On a récemment observé que depuis que l'aide médicale à mourir est devenue légale au Québec, un nombre significatif de médecins ont manifesté leur refus de poser eux même le geste qui mettra fin à la vie de leur patient.

Certains s'en étonnent, vu le consensus qui semblait régner lors de l'adoption de la loi 52. Je crois qu'on assiste à un retour du réel après une longue période de confusion. La première confusion est celle qui veut faire croire que l'euthanasie, rebaptisée aide médicale à mourir, est un geste médical.

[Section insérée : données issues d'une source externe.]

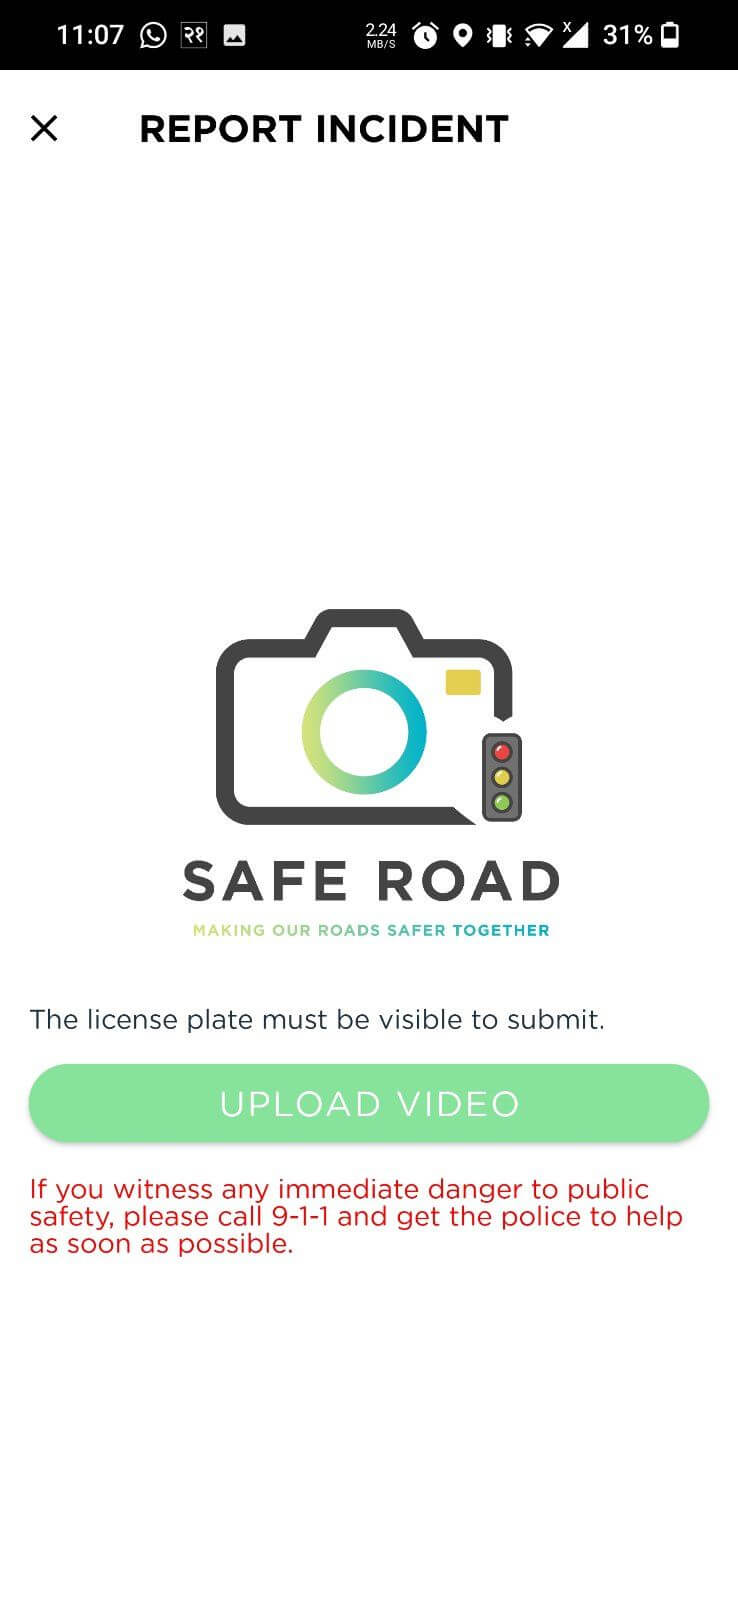 Safe Road image

La deuxième confusion découle de la première, à savoir qu'un médecin, comme tout citoyen, peut parfaitement être en accord avec la légalisation de l'euthanasie, incluant le suicide assisté, au nom du droit à disposer de sa vie, sans accepter l'idée que non seulement il s'agisse d'un geste médical, mais d'un soin qu'il a l'obligation de prodiguer ou de contribuer à donner.

Le principe fondamental de la pratique médicale est de proposer des gestes dont les bénéfices l'emportent sur les risques. Toute la médecine rationnelle repose sur ce principe, qu'elle soit curative ou palliative.

Or le geste de donner la mort, même s'il est considéré comme moralement juste, ne peut d'aucune façon être qualifié de médical.

En effet, personne ne connait les conséquences de la mort. Nous savons seulement qu'elle est irréversible et que la personne qui meurt ne revient pas. Le médecin, comme tout le monde, ne sait rien d'autre. L'idée que la personne va cesser de souffrir si on met fin à ses jours est très répandue, mais elle repose sur des croyances quant à ce qui se passe, ou ne se passe pas, après la mort. Il n'y a rien de scientifique dans ces croyances.

C'est devant cette ignorance que les médecins ont toujours refusé l'euthanasie et pas seulement à cause de convictions morales ou religieuses. La loi 52 instrumentalise les médecins pour poser un geste dont la justification est une question de philosophie politique. Il n'est pas étonnant que certains d'entre eux ne veuillent pas collaborer.